I wrote this blog post partly to address the comment below that a mother posted in response to my article “Do You Have The Courage?”  But it also talks about issues other parents have raised to me over the years.  So, to the original “Autism Mom” who posted the comment, I am in no way implying that you have or expressed some of the opinions and attitudes I discuss.  While I tried to address the points you made in your comment, I have included a lot more here, too.
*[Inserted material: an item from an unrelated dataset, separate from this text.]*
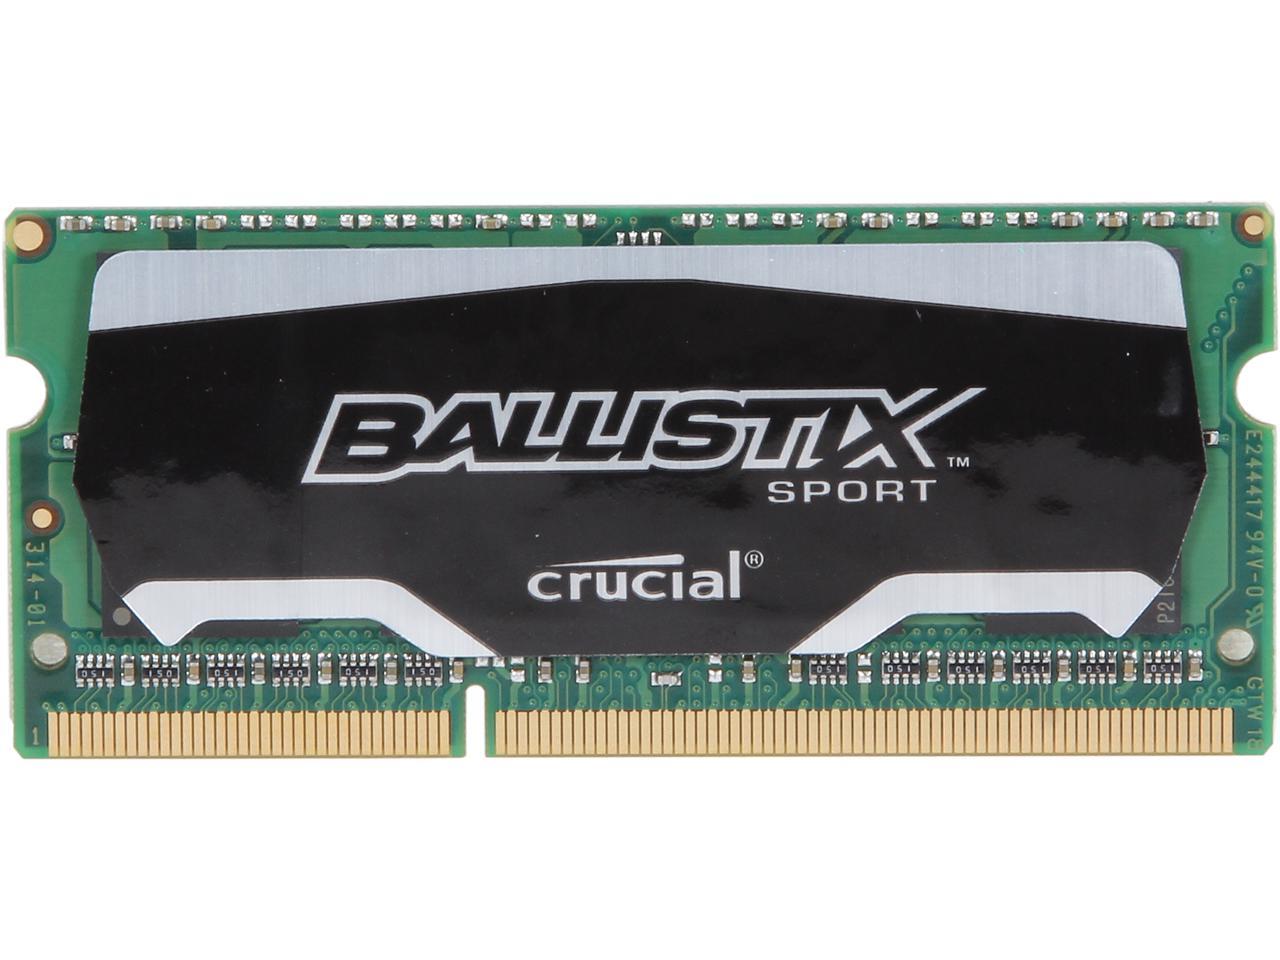 Crucial Ballistix Sport 8GB 204-Pin DDR3 SO-DIMM DDR3 1866 (PC3

Comment to “Do You Have The Courage?”:

I bet there was a lot more to the spitting story than you share. It’s amazing how you find fault with the parents every time, and fault with the school personnel never. Hmmm, I have read many stories of kids being abused at school, but you seem to think that school personnel is perfect. How are we supposed to manage behaviors when we aren’t even there? When we never see those behaviors! I know, we assume someone is doing something the bring out that behavior in the child. Really, a kid who has never spit suddenly is spitting at the teacher? Yep, makes a normal person question what is going on that makes the child spit? I can’t tell you how many times I was asked “What do you do when your child hits herself in the head with a fist at home? When I had never seen those behaviors at home because I didn’t abuse her into doing self injurious behaviors at home! And then there is my son, who does have anger issues, due to having a traumatic brain injury, but it’s interesting how those anger issues have only been an issue with teachers who were abusive to him. The last two have been kind and caring and don’t bring out the anger issues. It’s interesting that you always find fault with the parents. It makes me wonder why you are so sure the parents are at fault, are you at fault?

Dear Autism Mom –

You bring up some good points.  There probably was more to the spitting story, but all I saw was what the mom posted on the message board — the same things the other parents saw.  My point was that they automatically assumed that it was the teacher’s fault.  No one asked any other details about the story or suggested other alternatives.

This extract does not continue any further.